Sacándonos la espinita: rumbo al sur de Tailandia

Cuando el pasado mes de Julio llegamos a Tailandia procedentes de Camboya, tuvimos que decidirnos entre el norte o el sur, porque el visado que nos concedieron en la frontera terrestre, se limitaba a tan solo quince días. Tras arduas deliberaciones, nos acabamos decantando por la zona norte y prescindir así de la costa sur, que decidimos dejar para "otro viaje". Lo que entonces no nos imaginamos es que acabaríamos volviendo a este país para recorrer sus playas cinco meses más tarde, una vez que el monzón hubiese desaparecido.

De modo que terminado nuestro Vipassana en Malasia y tras una nueva y corta visita a Kuala Lumpur, emprendimos rumbo a Tailandia, y más concretamente a la ciudad de Krabi. Allí montamos campamento durante varias noches, y nos dedicamos a explorar un poco los alrededores.

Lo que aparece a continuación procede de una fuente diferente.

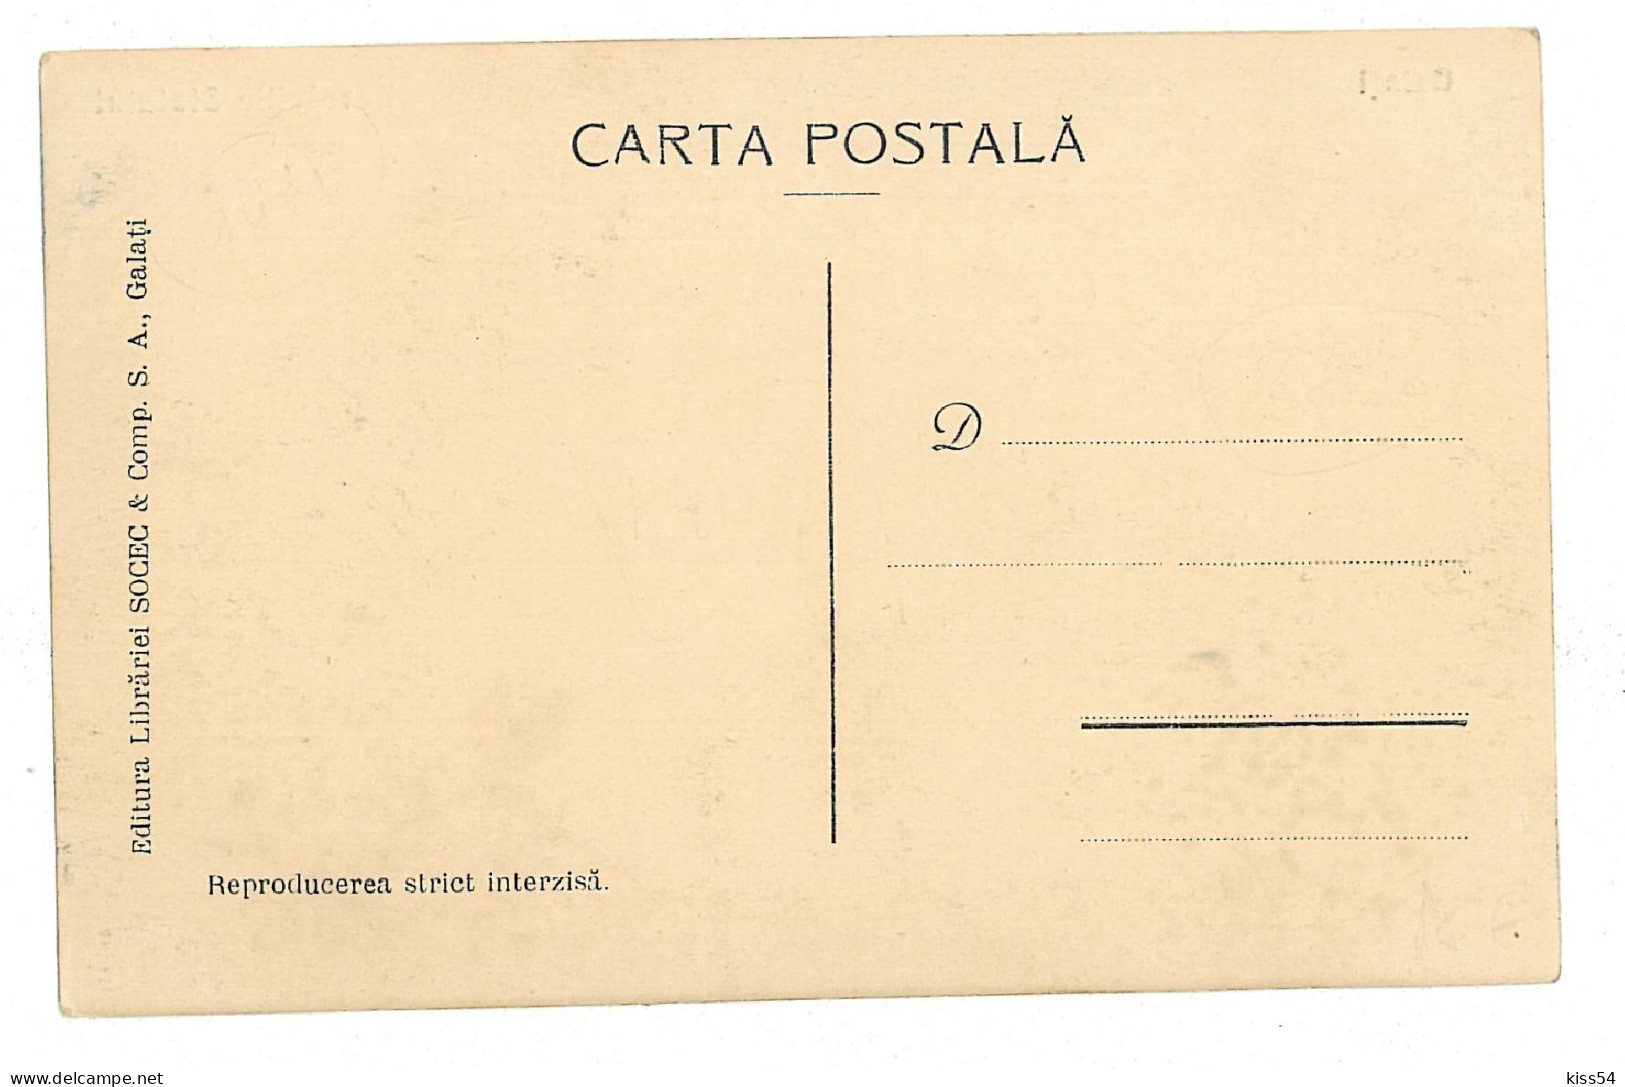 RO 83 - 2752 GALATI, Pescariile, Romania - Old Postcard - Unused - Romania
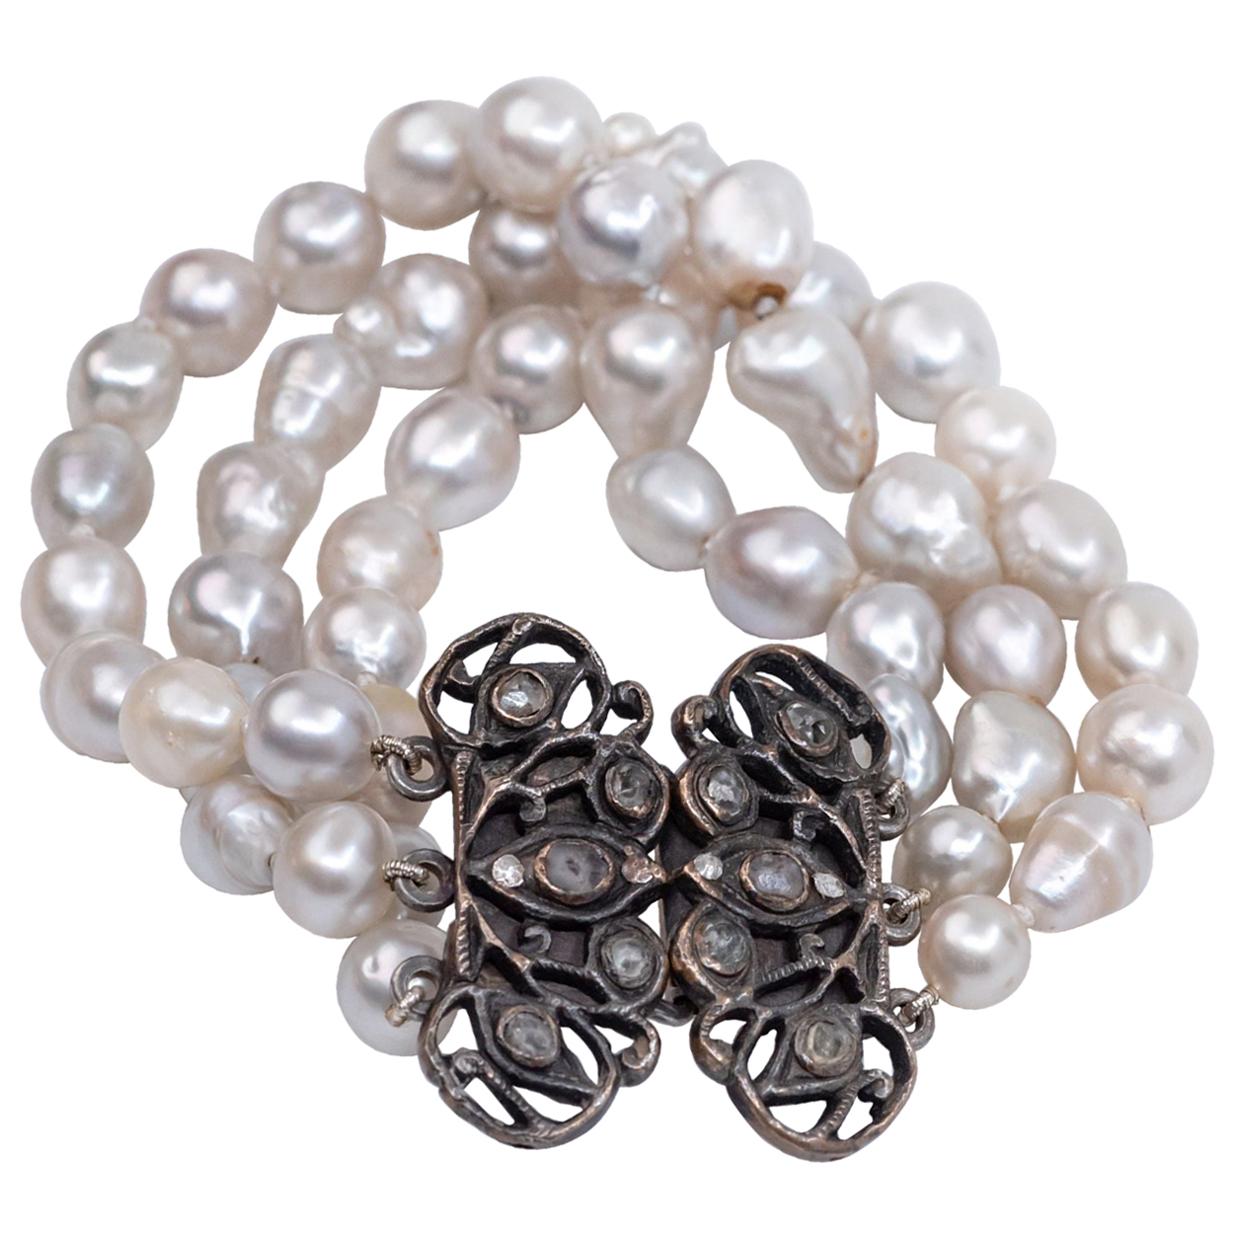 Nouveau Exquisite 14K OR MASSIF 4 mm & 5 mm Naturel cultured pearl beaded Bracelet

La ciudad en sí, no tiene mucho que ver, pero es uno de los principales puertos de conexión con muchas de las islas del sur de Tailandia. Lo que más abunda aquí, por tanto, son agencias de viajes y si es temporada alta (como es el caso), mucho turista a cada paso que se da. Sin embargo, sí que disfrutamos de su tranquilidad y ambiente desenfadado, así como de sus numerosos mercados llenos de deliciosas opciones para llenar el estómago.

disfrutando de la comida local ;)


Como la ciudad se puede recorrer entera en unas pocas horas y carece de playa, nos entretuvimos haciendo escapadas de un día a las diferentes playas e islas que se encuentran en sus proximidades. Alquilamos una moto un par de días y visitamos Ao Nang con sus Nopparat Thara Bech, Ao Nang Beach y Phai Plong Beach (no merecen demasiado la pena, considerando otras alternativas), la playa de fosiles y gasteropodos, el templo de la cueva del tigre, etc.

Ao Nang Beach
Subiendo los 2137 escalones del templo de la cueva del tigre.

vistas desde lo alto
Conduciendo por ahí, además nos encontramos con un circuito de karting, en el que Paco no resistió la tentación de probar. (Nota aclaratoria: para los que no conozcáis la afición de mi hermano a este deporte, únicamente comentar que compite a nivel regional con alguna que otra victoria a sus espaldas ;-))
Paco en el circuito de karting
Al día siguiente, llegamos a Koh Lanta, una de las islas más grandes, que dista algo más de 80 km, y para la que (yendo en moto) hay que coger un par de ferries. Aquí pasamos el día entero y la verdad es que nos pareció bastante tranquilita y acogedora. En especial la zona este de la isla, donde no se encuentran tantos resorts y por ende tantos turistas.
en el ferry hacia Koh Lanta 
una de las numerosas playas de la costa oeste de Koh Lanta 
otra playa, esta vez en la costa este de la isla.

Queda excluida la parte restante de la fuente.